Adding the Heenan lawyers, then, served the firm's inbound, outbound and domestic strategies. “I don't know that any one aspect played heavier than the other,” Coon says. Still, he cautions observers not to expect that B&M's Canadian presence will ever number in the hundreds. “We don't need that many lawyers to service our current and potential client base because we have many people in other offices who can help us here in Toronto,” he says. “It's all about revenue and profit and servicing clients in leveraged ways other than merely adding lawyers.”

Amon major Canadian firms, Heenan Blaikie appeared to be only one of two, along with Norton Rose Fulbright LLP, to have regarded workplace law, into which labour and employment law has evolved (see “Labour & Employment's Second Coming”) as a core practice. But what is true is that many of the other majors now see workplace law as a source of or conduit to new, profitable mandates by which they can expand and strengthen their relationship with corporate clients, old and new. Labour and employment law is also a handy and steady source of income in an era marked by a steady lull in transactional work. As it turns out, the sudden availability of a host of lawyers from one of the country's most prestigious labour practices fits neatly with the resurgence of workplace law at major firms.

Fasken Martineau undoubtedly had all this in mind when the firm took on 13 labour and employment lawyers in Toronto, nine in Montreal and four in Ottawa. Fasken also added four corporate commercial practitioners from Heenan's Montreal office.

“We certainly didn't write a map that said we were going to take on 30 lawyers all at once, but we did want to make sure we were looking at opportunities,” says Martin Denyes of Toronto, Fasken's managing partner for Ontario.

“Labour and employment is a business we know and understand and want to be in, and in which we already had significant players, so you can look at the hiring as opportunism that was consistent with our business plan.”

In Toronto, Brian Burkett (reunited with his old firm after a lengthy absence), Douglas Gilbert, John Craig, Mathias Link and Sarah Graves joined as partners, augmenting a local workplace law team that has been growing in strength and depth for a number of years.
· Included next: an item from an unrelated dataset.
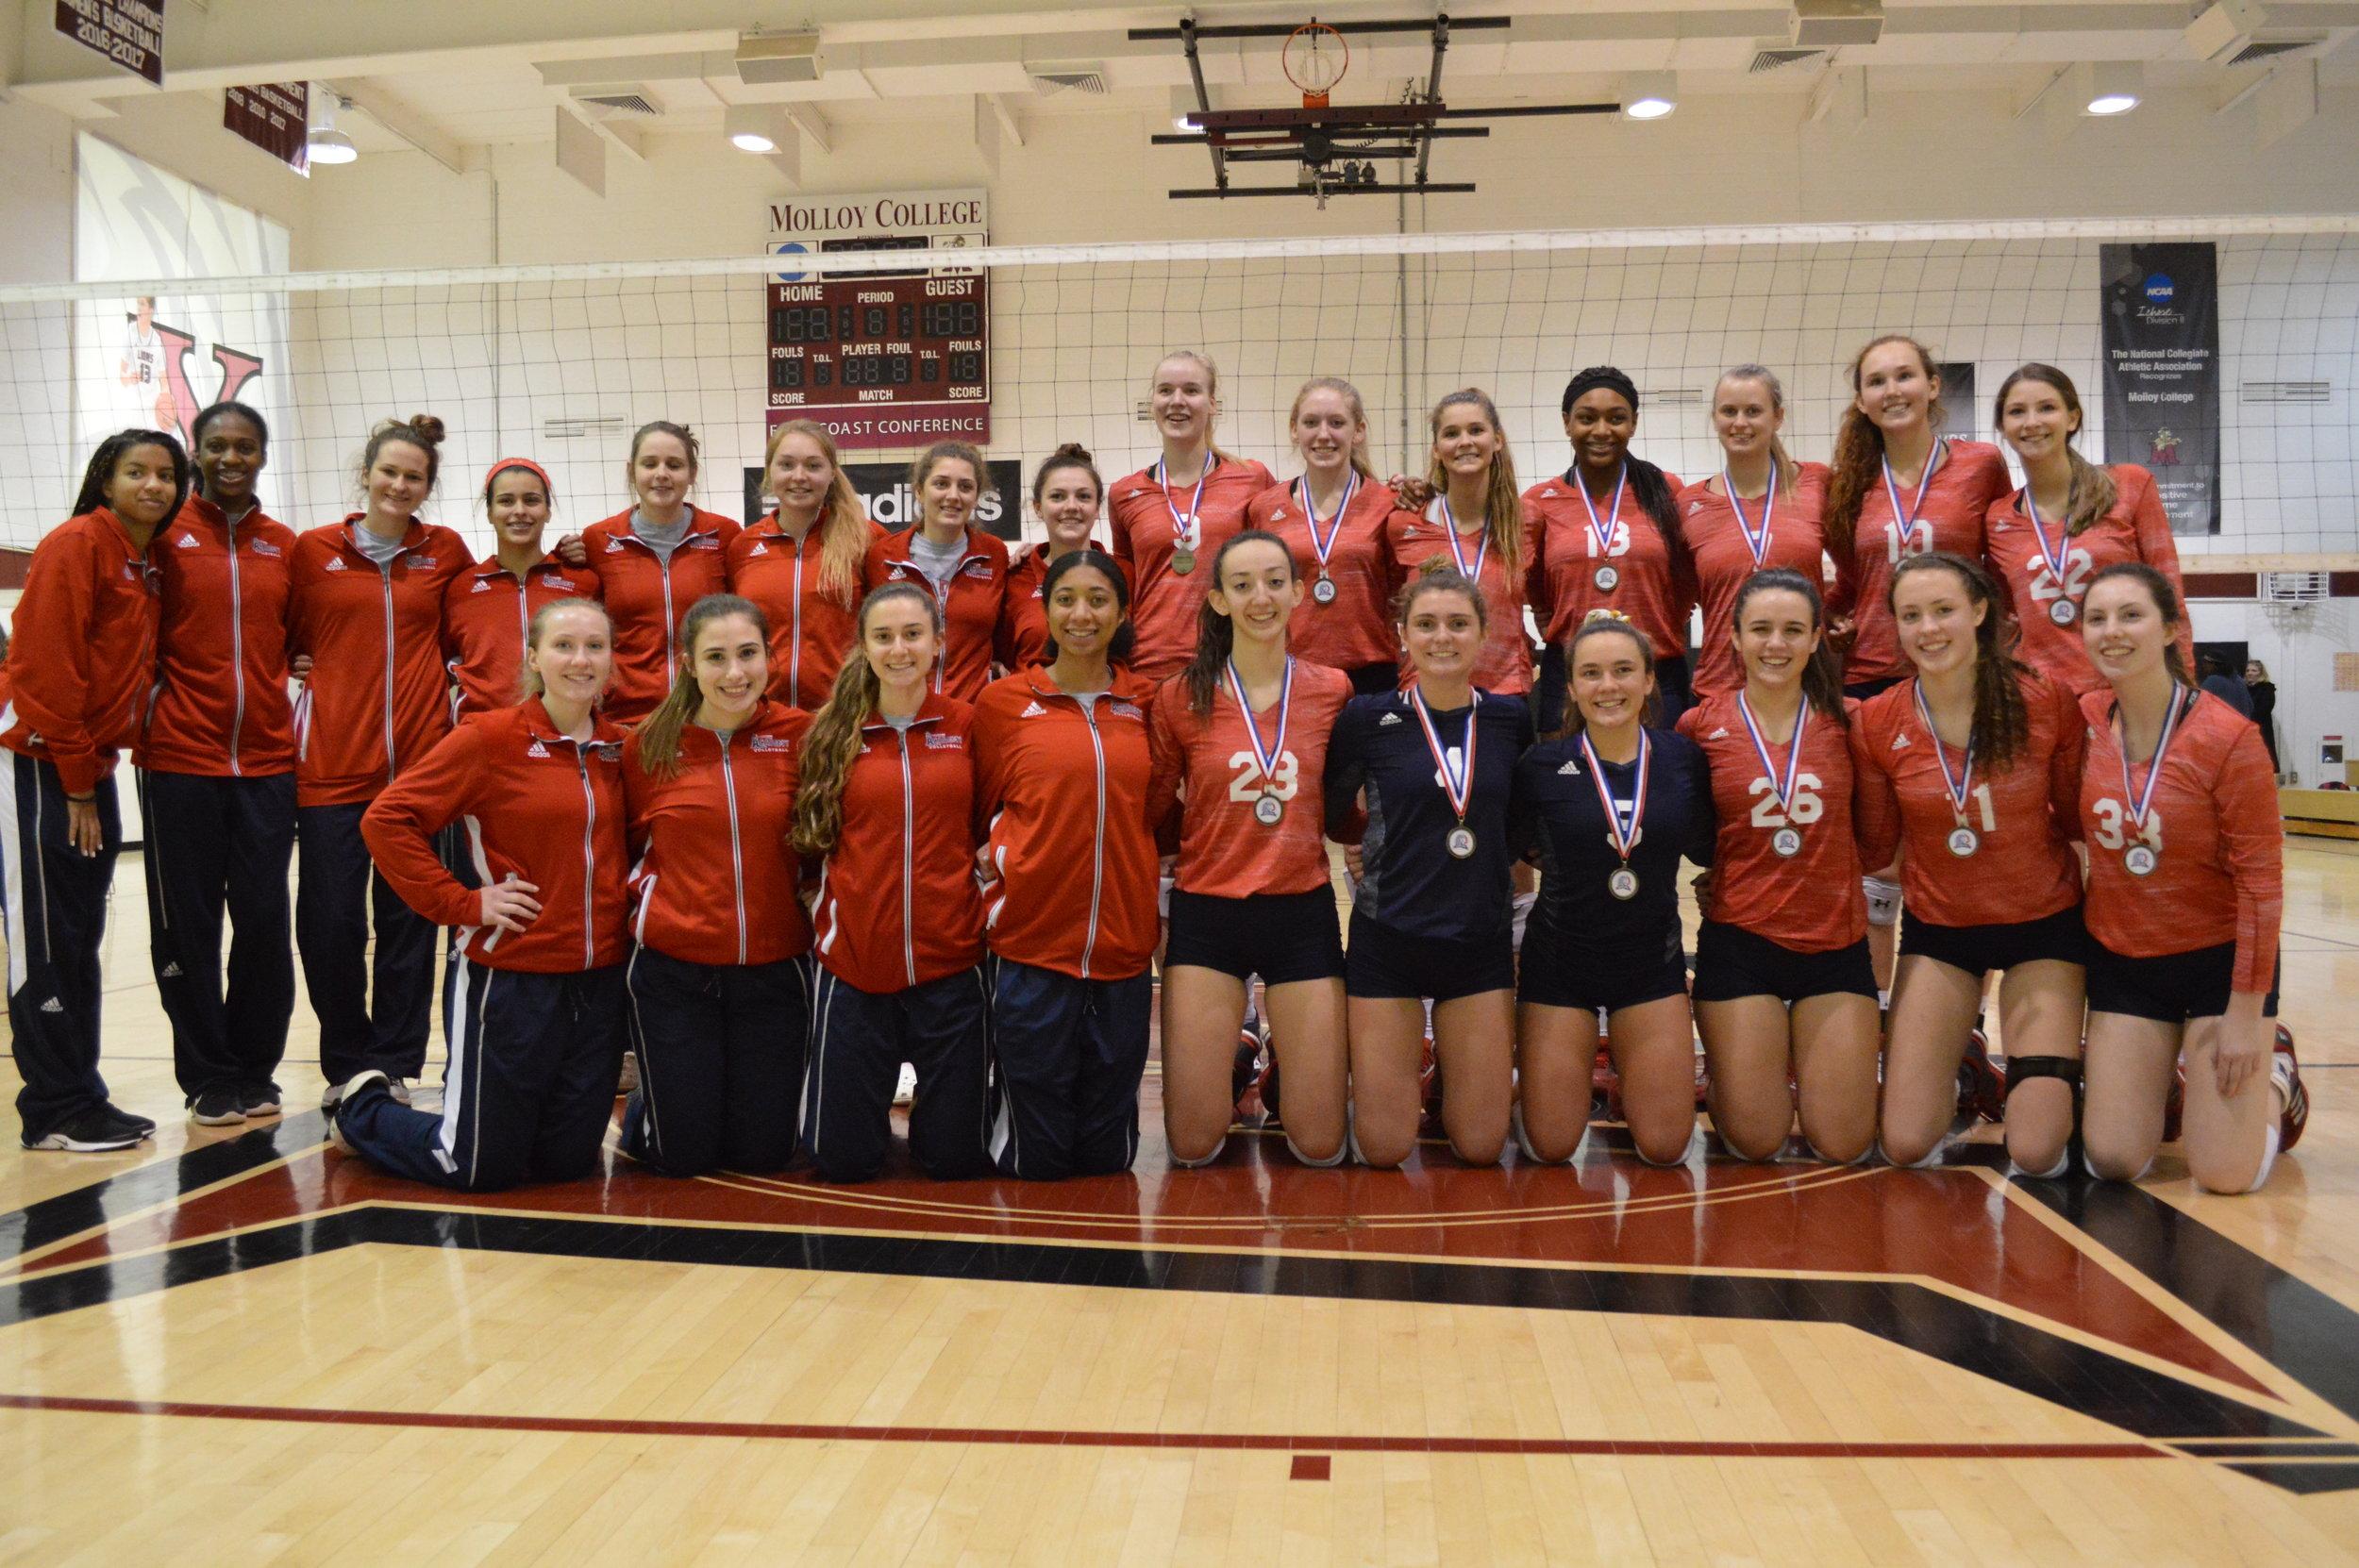 2018 Accomplishments Academy Volleyball

Claire Vachon and Sébastien Lorquet are the new Ottawa partners, and with two associates give Fasken a labour and employment presence in a market in which it had none. “These teams were a perfect fit for us,” Denyes says.

Still, most of the newcomers joined as non-equity partners, perhaps evidencing the caution regarding equity partners that has taken hold in law firms around the world. “Non-equity additions don't require partnership approval, but our partners knew we were engaged,” Denyes says.

Borden Ladner Gervais LLP also got in the game, particularly in Montreal, where it took on 12 labour and employment lawyers (the firm also added six practitioners in various practice areas in its offices across the country).

The upshot is that, with Heenan gone, both Fasken and BLG may have a leg up on their national competitors in the battle to join Norton Rose among the leading players in Quebec's workplace law market.

As it turns out, the competition for Heenan lawyers was particularly acute in Quebec generally, especially among regional firms, which snapped up 85 of the 124 Heenan lawyers in the province whose movements Lexpert has been able to identify.

The two biggest players were Lavery, which alone took no less than 45 lawyers, growing its pre-existing 165-lawyer contingent by almost 30 per cent. BCF, a regional firm focusing primarily on mid-market business law, added 30 lawyers, upping its total by about 25 per cent.

Both firms wanted to boost their regional presence. Only 16 of the 75 lawyers taken by these firms were Montreal-based, with BCF taking six and Lavery recruiting 10. The other 59 were spread among Quebec City, where BCF added 24 lawyers, almost two-thirds of Heenan's former roster of 37 lawyers in the province's capital; and Sherbrooke (24) and Trois-Rivières (11), where Lavery absorbed the entirety of Heenan's operations.

Like Fasken, BCF's moves were both strategic and opportunistic. “We needed a strong practitioner in the banking area and more depth in a few other areas as well as a construction litigator and some business law partners in Quebec City,” says André Morrissette, the firm's chair.

That was the strategic part for the young firm, founded less than 20 years ago. “Adding more experience has almost always been a good thing for us,” Morrissette says.

Opportunity knocked, however regrettably. “We had known for a while that things were not going well at Heenan and we had been having discussions with three or four partners whom we were trying to attract,” Morrissette says. “They became the channel of communication that opened up the possibility of recruiting a larger group.”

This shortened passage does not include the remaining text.